Gray's Inn was especially conspicuous for those exercises, which Stow calls "Boltes," "Mootes," or "putting of cases," for the "Boltes" were conversational arguments addressed to or put to a student by a Bencher and two barristers in private.
Subsequently, when the student had become a sufficiently expert "Bolter," he was admitted to the "Mootes," where questions upon legal matters were debated by the students in the presence of the Benchers of the Society.
The object of these exercises was to promote the faculty of ready speaking, and, in order to secure this end, the disputants were kept in ignorance of the topic to be argued until called upon to discuss it.
The case, drawn up by the Reader, was laid upon the salt-cellar before meals; none were permitted to look into it under pain of expulsion from the Society.
These discussions were strictly legal, and the proceedings were conducted as nearly as possible in like manner to those of the Courts themselves. "About the end of the 17th century," says Lord Campbell, "Mootes fell into disuse, and they have now entirely ceased."
It is in such institutions as these Inns of Court and other similar communities, that the old feudal feeling respecting ancient servitors has been retained in much of its pristine integrity. Many of the old servants and inferior officers of Grays Inn may be said to belong to the place by right of descent. They were born within its precincts, they have been trained beneath the shadows of its old walls.
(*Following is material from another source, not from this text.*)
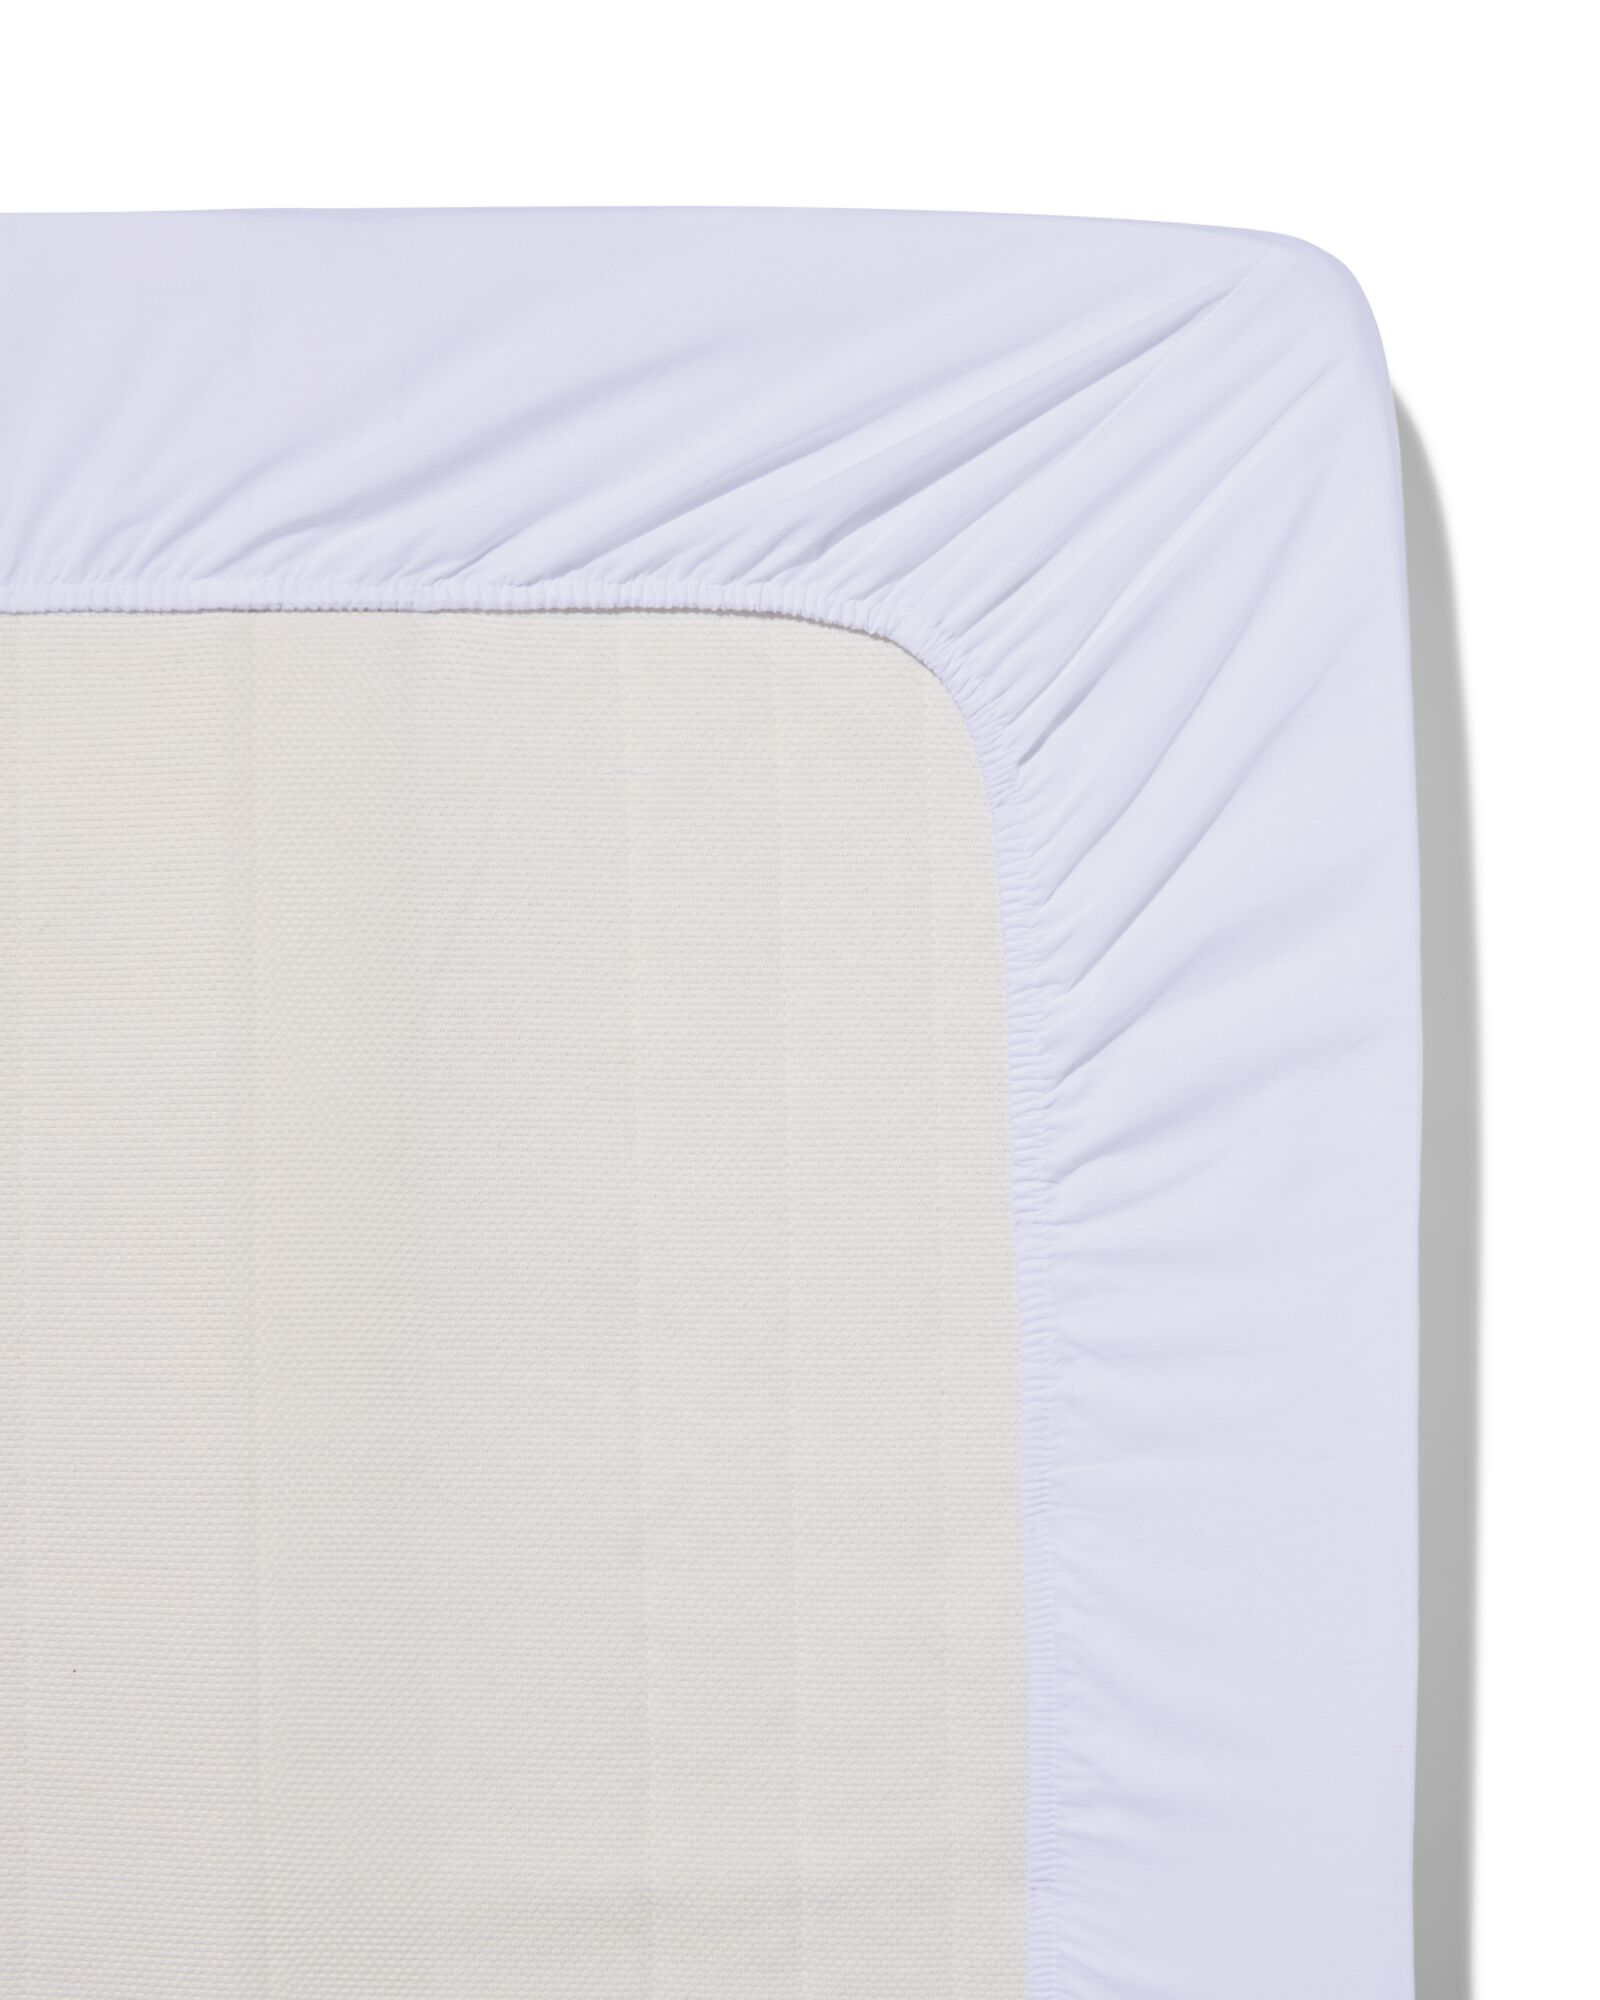 Spannbettlaken, Soft Cotton, 180 x 220 cm, weiß - 5190034 - HEMA

In their youth they began their course of serving under the guidance of father, or grandfather, and now, in their old age, have in their turns some post of trust and responsibility confided to them.
There is something especially delightful and heart-stirring in the service of gray-headed men who have passed their lives in the same place, serving the same masters.
Shakespeare felt this, when, in describing old Adam in As You Like It, he makes the old man say:
Master, go on, and I will follow thee,
To the last gasp, with love and loyalty.